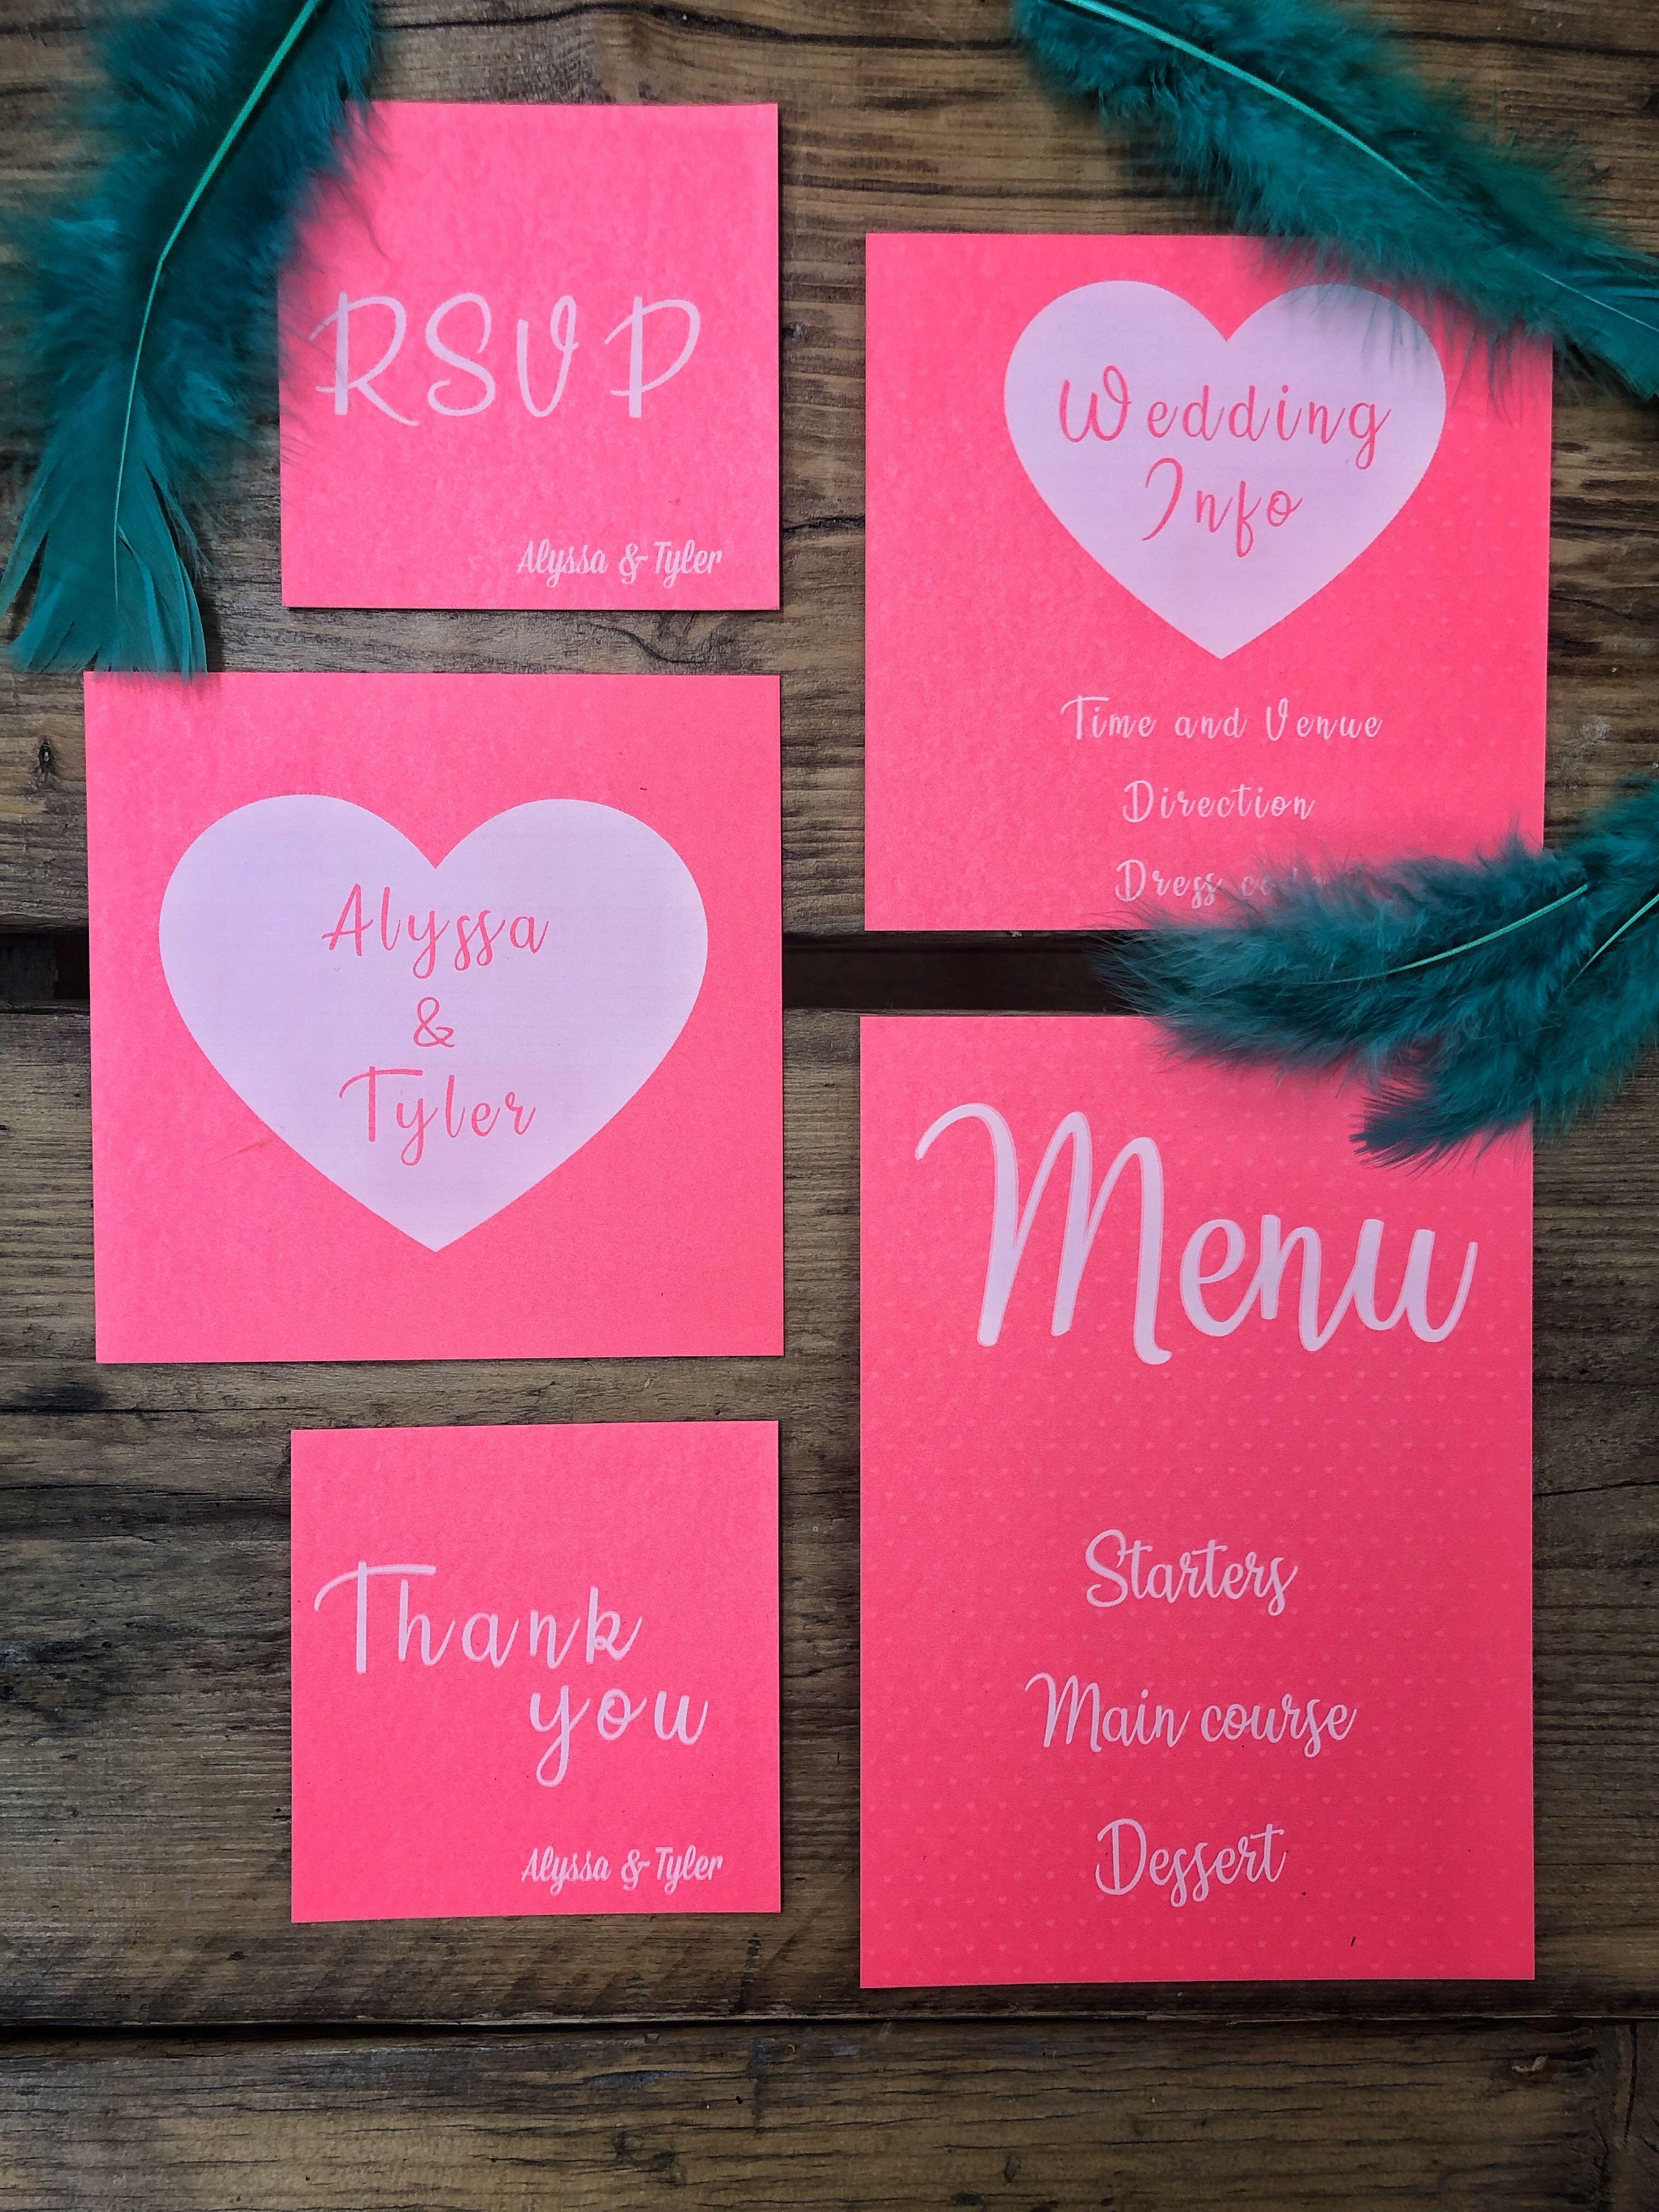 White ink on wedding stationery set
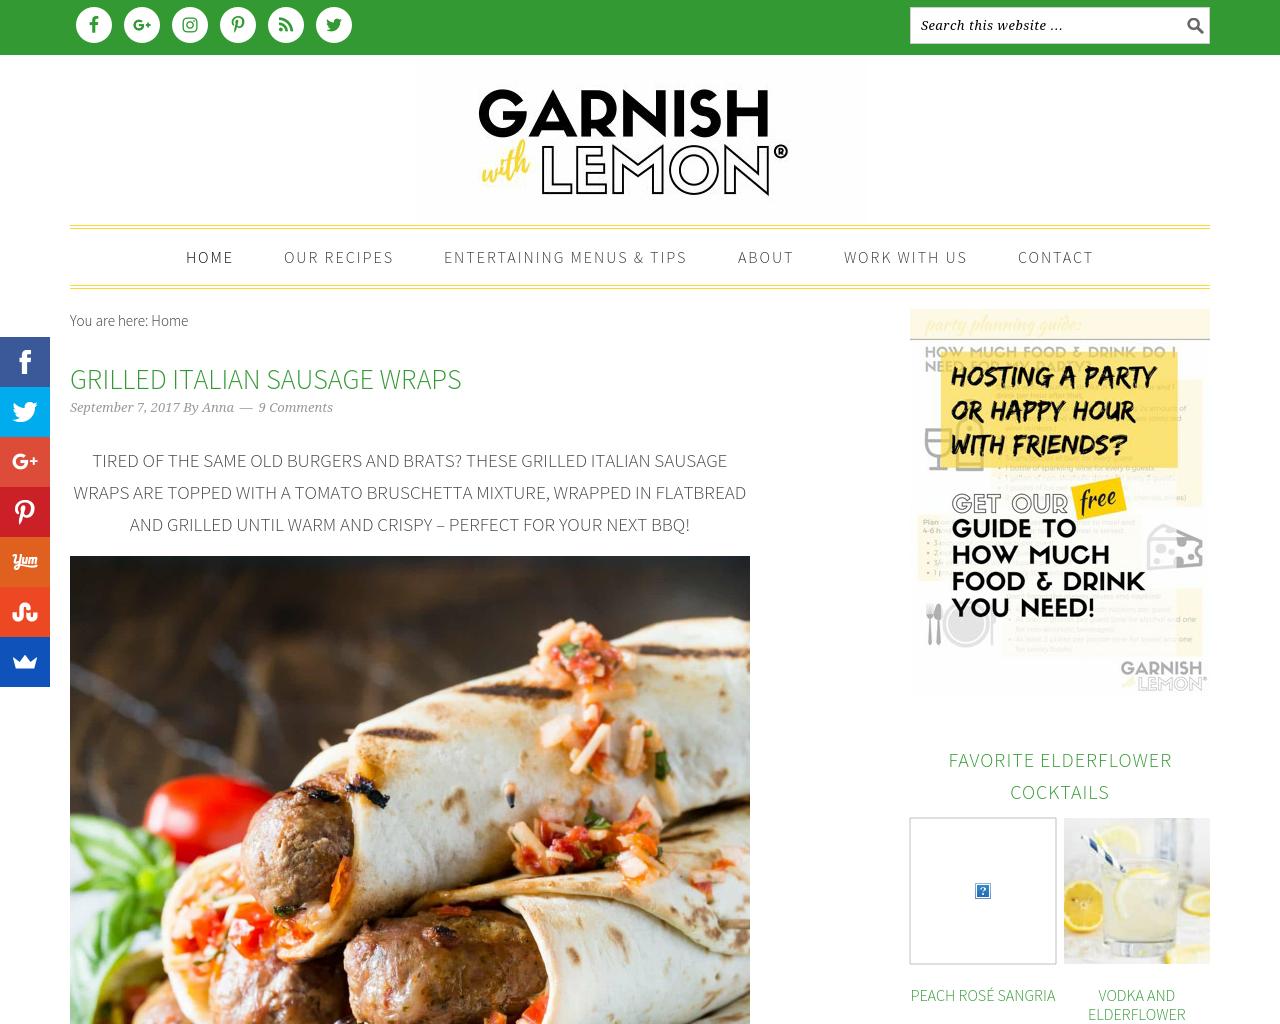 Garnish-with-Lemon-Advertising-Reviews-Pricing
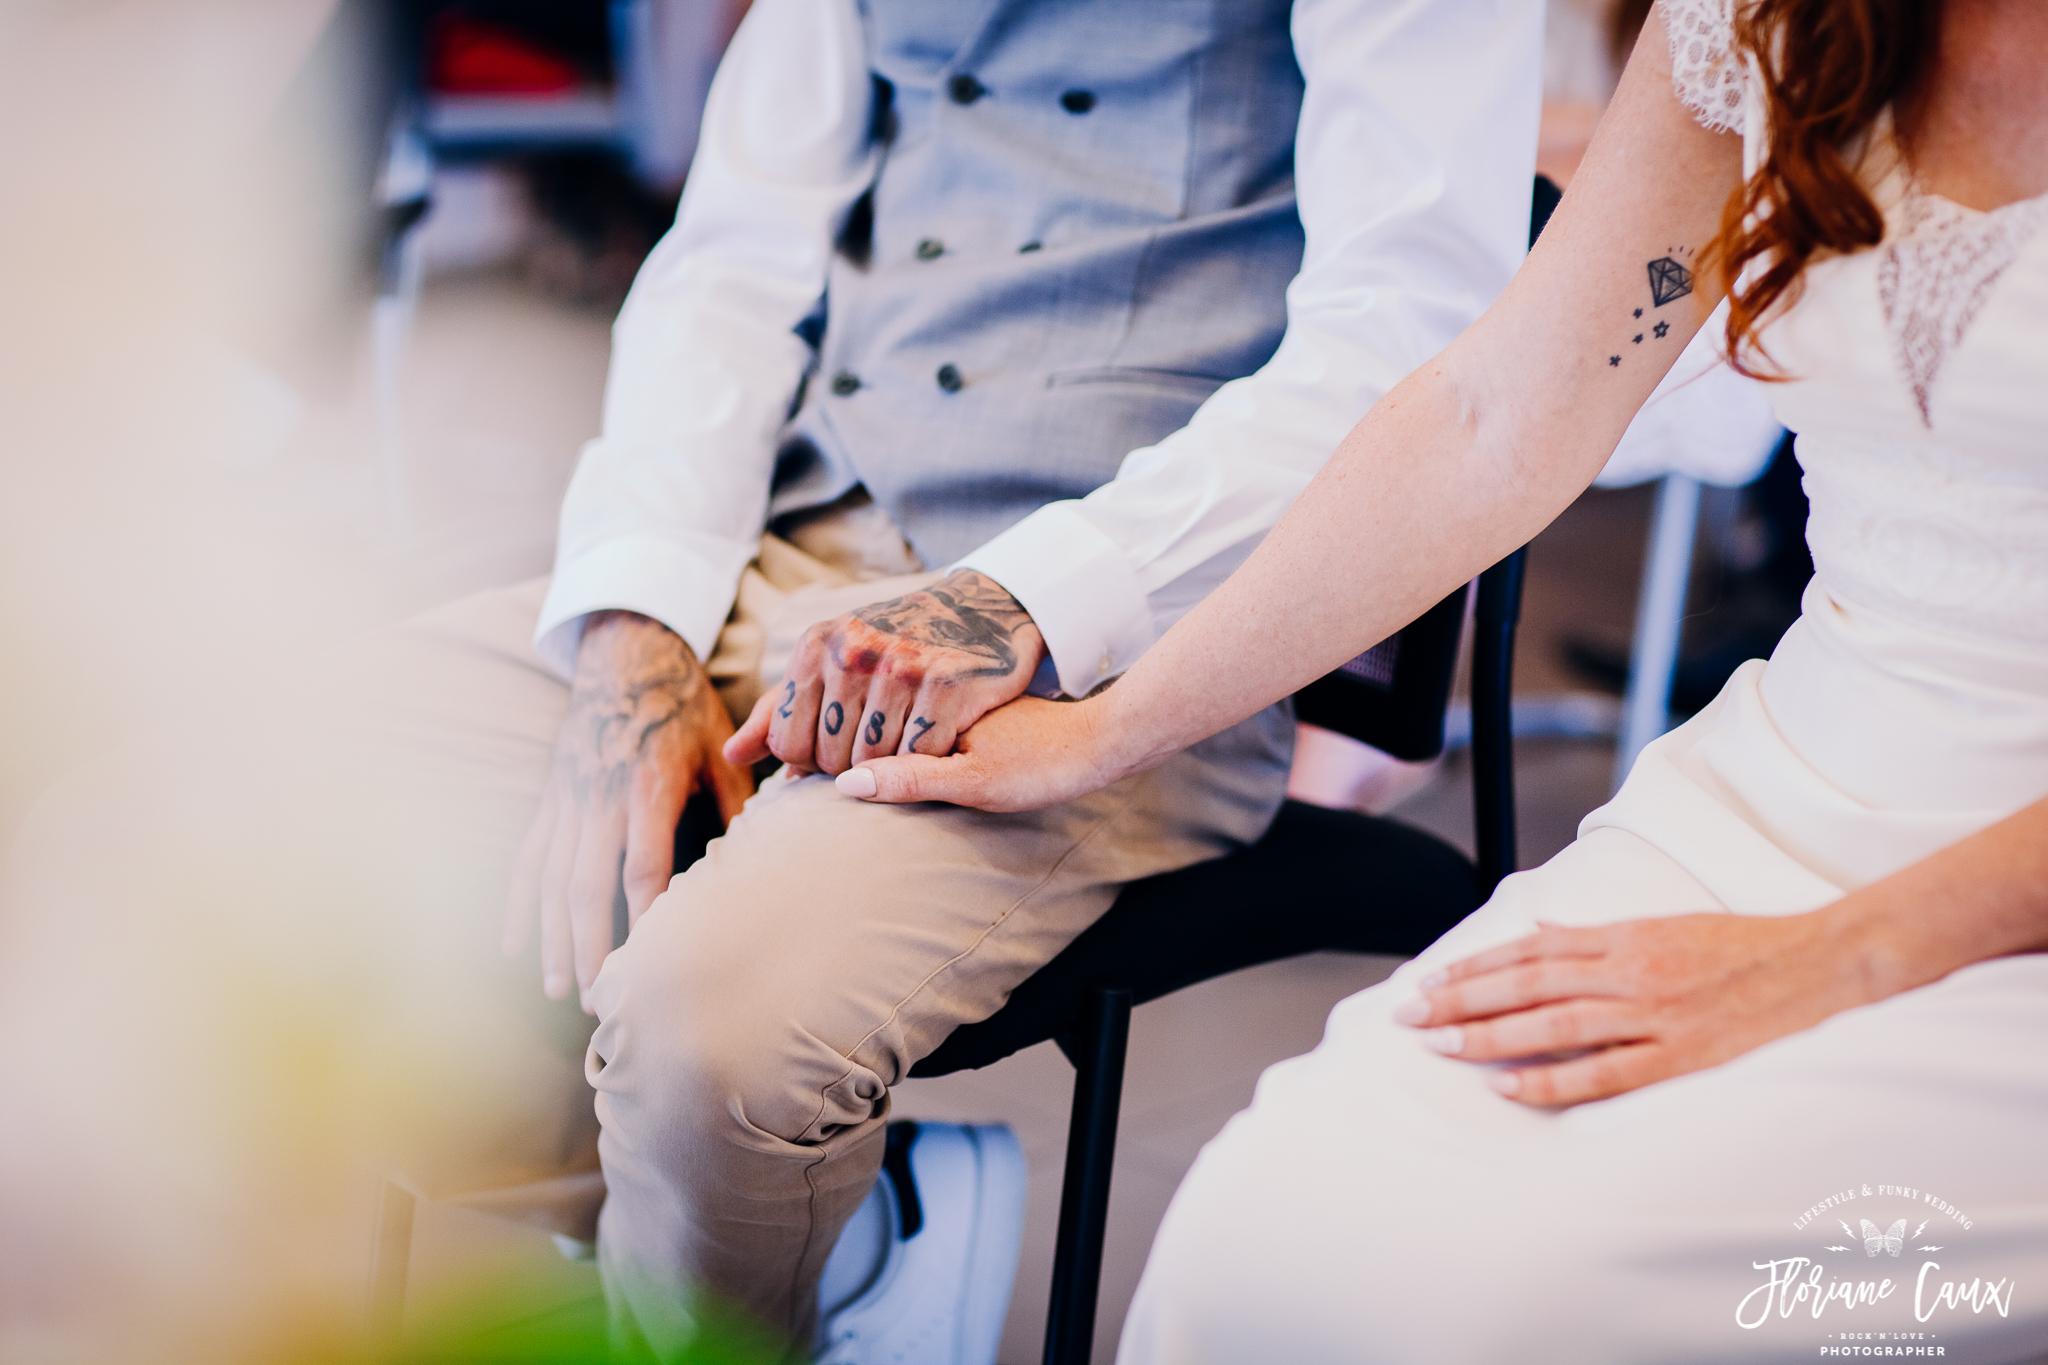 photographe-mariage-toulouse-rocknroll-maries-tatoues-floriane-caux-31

____________________

### Aim of the task
From the line containing "Garnish-with-Lemon-Advertising-Reviews-Pricing" through the last line of the listing, inclusive, transcribe every line exactly and nothing else; the pictures stay out.

### Reply
 Garnish-with-Lemon-Advertising-Reviews-Pricing
 photographe-mariage-toulouse-rocknroll-maries-tatoues-floriane-caux-31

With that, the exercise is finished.